- _Exercise details_: Only the number is wanted: how many lines below contain "Case"?

- _Collected data_:
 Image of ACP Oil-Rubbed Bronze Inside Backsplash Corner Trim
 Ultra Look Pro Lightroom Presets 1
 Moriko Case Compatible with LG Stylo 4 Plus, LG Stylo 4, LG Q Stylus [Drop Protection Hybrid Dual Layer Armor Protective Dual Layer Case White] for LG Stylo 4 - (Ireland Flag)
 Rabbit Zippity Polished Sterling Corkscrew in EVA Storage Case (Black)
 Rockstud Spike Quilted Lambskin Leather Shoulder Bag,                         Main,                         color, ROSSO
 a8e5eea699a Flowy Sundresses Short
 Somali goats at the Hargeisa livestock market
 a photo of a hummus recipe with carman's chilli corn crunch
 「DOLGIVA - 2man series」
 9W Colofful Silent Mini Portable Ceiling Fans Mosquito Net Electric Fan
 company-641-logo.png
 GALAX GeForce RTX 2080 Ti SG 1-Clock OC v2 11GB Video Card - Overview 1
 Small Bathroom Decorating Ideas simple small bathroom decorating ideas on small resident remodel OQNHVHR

- _Task answer_: 2